Sounds like it could possibly be a stifle issue. Slipping in canter (unless the footing is not so good) is usually a sign of problems in the upper leg. Most of these issues particularly in young/green/out of work horses will be alleviated when muscles in the hind quarters are significantly developed. 
I had a little ottb 3 year old mare that had stifle problems and often slipped in canter, after a few months of work with her I have since sold her and she has not had a problem since. 
Basically it was a matter of lots of hill work (walk and trot only - canter is just about useless as far as muscle building up hills is concerned!) and strengthening exercises under saddle.
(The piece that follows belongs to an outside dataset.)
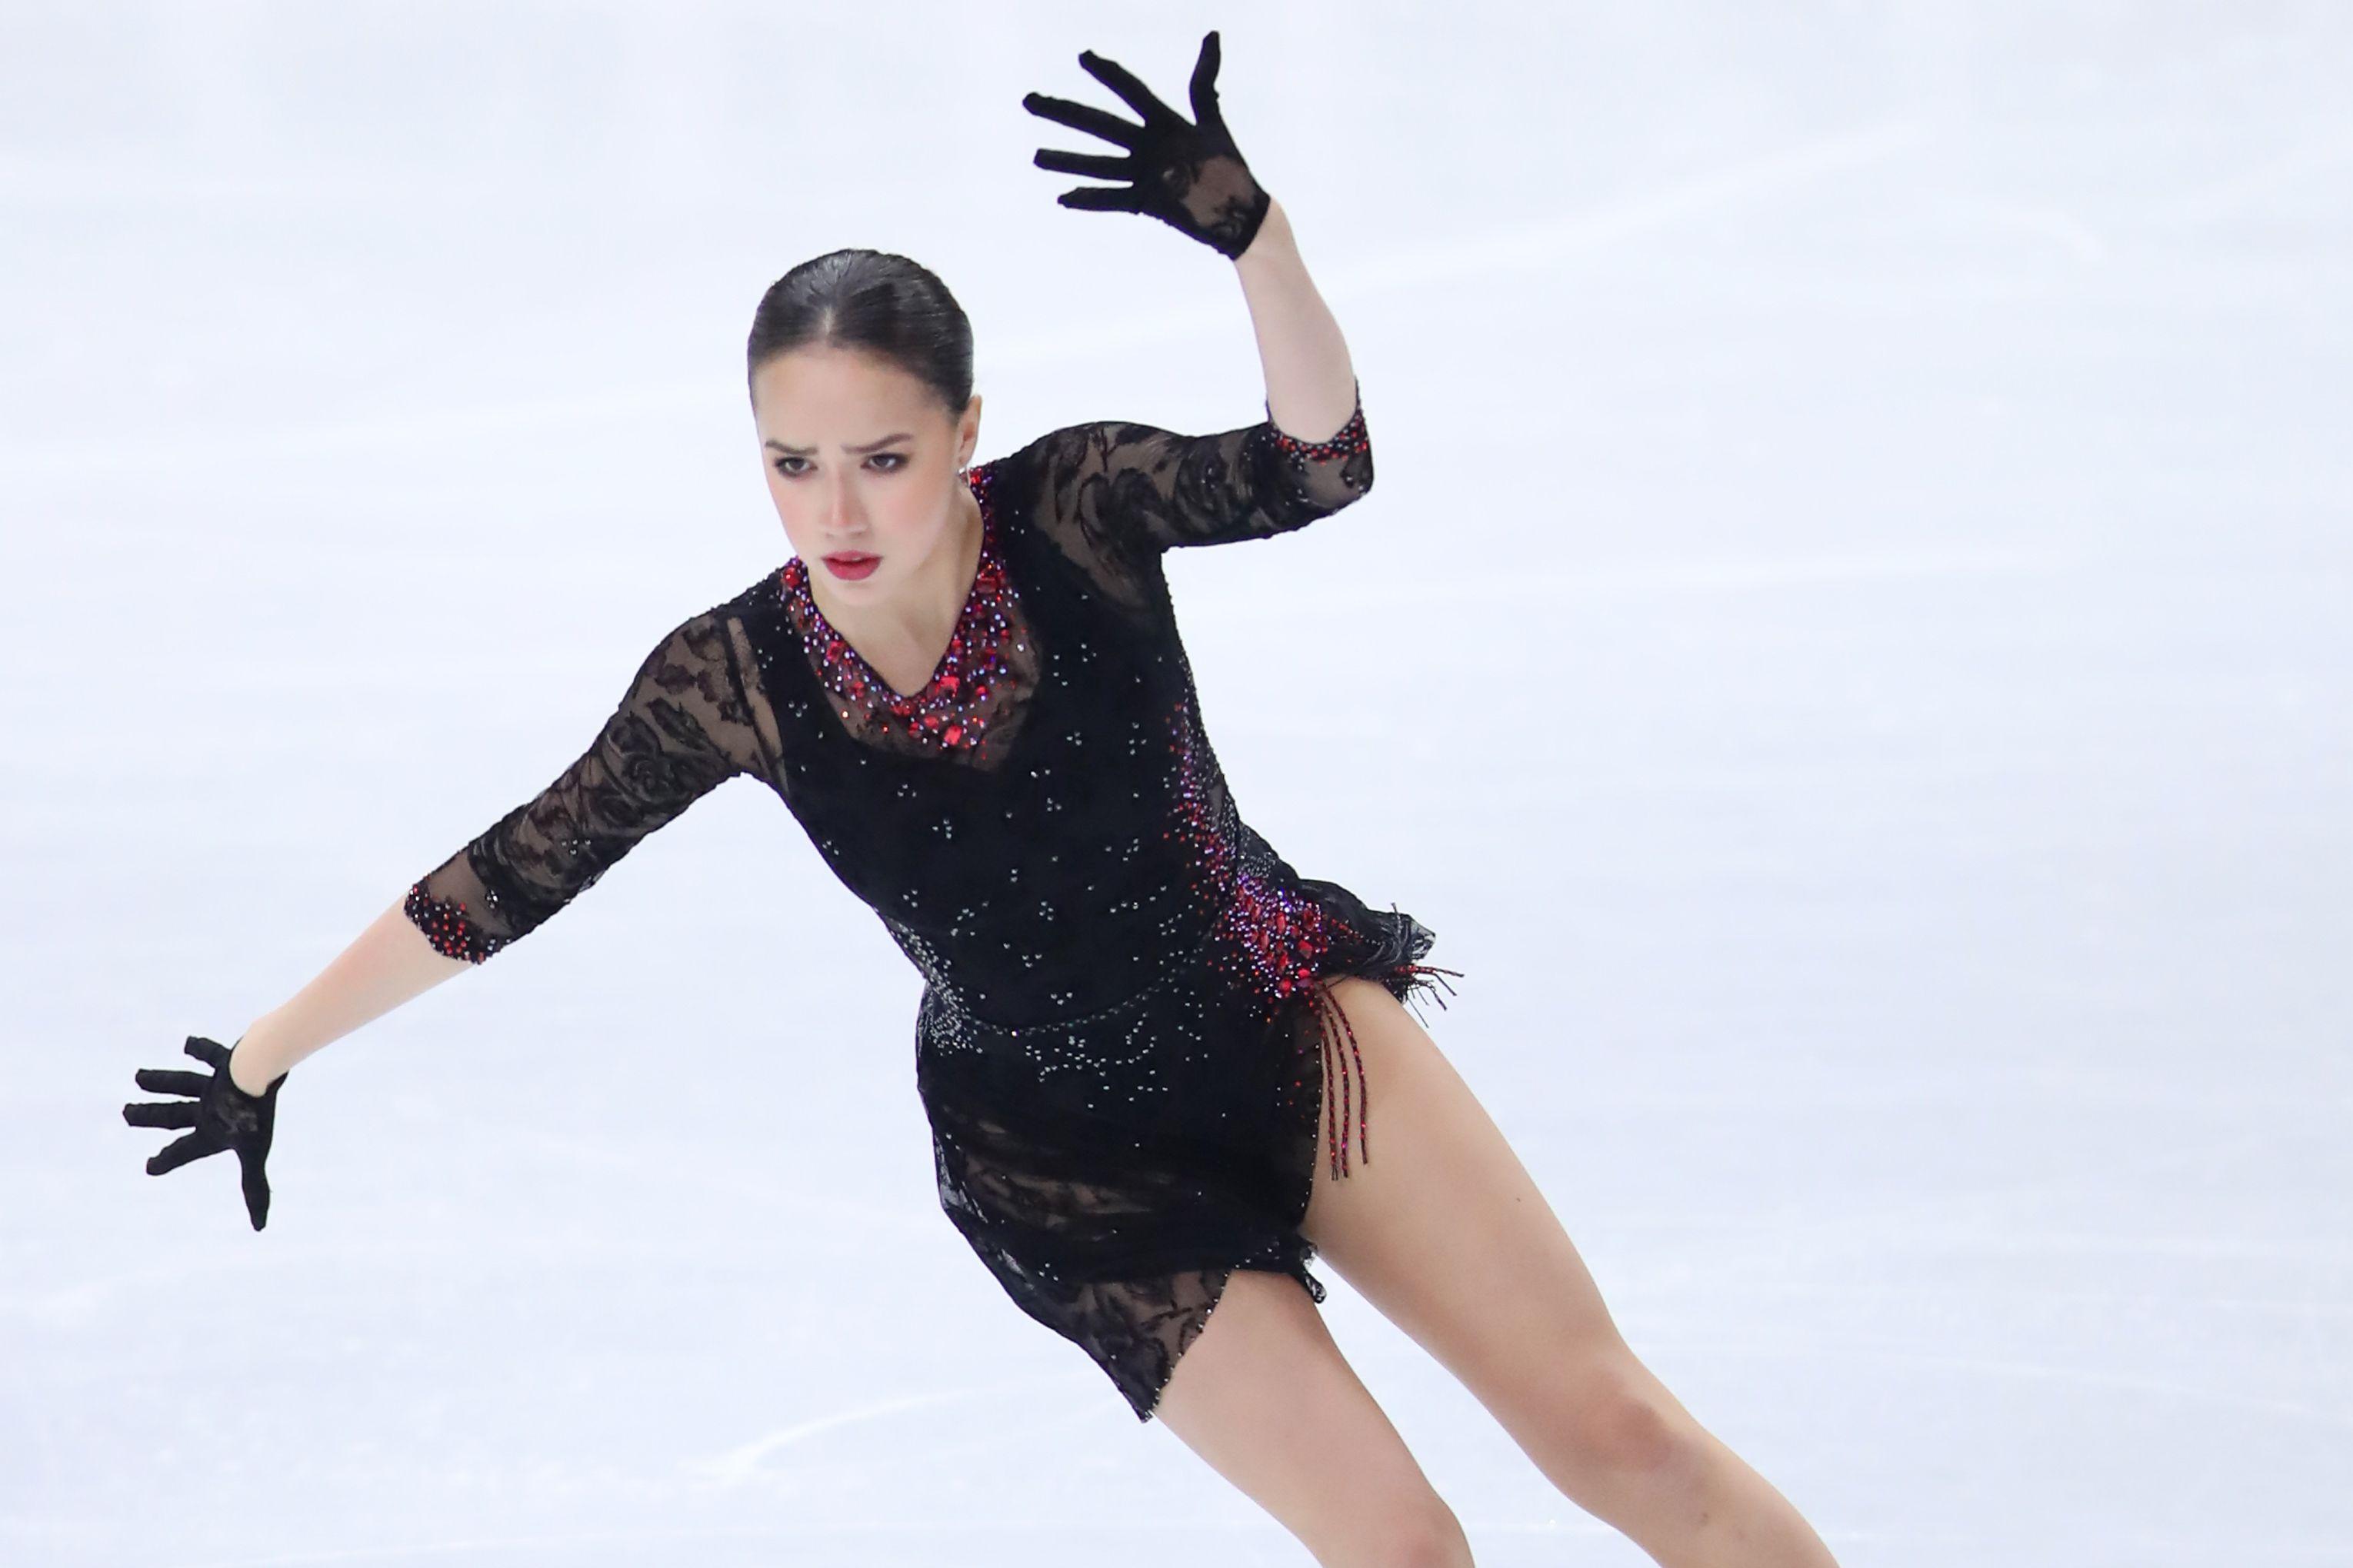 Загитова снова заинтриговала поклонников: снимки без верхней одежды при минус 18 градусов. ФОТО

Lots of leg yielding, turns on the forehand and shoulder in to try and promote muscle development in her hindquarters. 
Lunging is probably not great at this stage, as you can cause more problems working them on a small circle continuously if they have leg/joint damage already. If you do need to lunge, do it in an arena and walk up and down the arena so that there are lots of straight lines in the lunge 'circle'. 
Weight is another thing to consider, if your horse is a little 'light on' in the weight department, the ligaments in her stifles are not overly well supported so more likely to 'slip out' of the patella. If this is what is happening with your mare, make sure she's a good healthy weight, nice and round with good covering over her ribs. My mare wasn't a big eater and was very light on as she'd just come down off the track, so I ended up having to give her Vitamin B12 injections to stimulate her appetite.


----------



## AlexS (Aug 9, 2010)

Aside from a health issue as Kayty stated, working in circles is hard on an unbalanced horse. An OTTB has been trained to go really fast in a straight line, with a gradual turn. I would imagine that your horse is unbalanced and you would probably be better off doing much larger circles or riding til he builds balance.


----------



## Silver Tax (Feb 12, 2011)

I hadn't thought of the B vitamin side for weight gain. I have him on a foal supplement right now at twice the label recommendation. But he may need more B's than what he is getting. Thanks Kayty 

He has moved up from a 2 to a 4 on the condition scale. As cold as it's been I'm just glad he could put on weight! He is blanketed 24/7. 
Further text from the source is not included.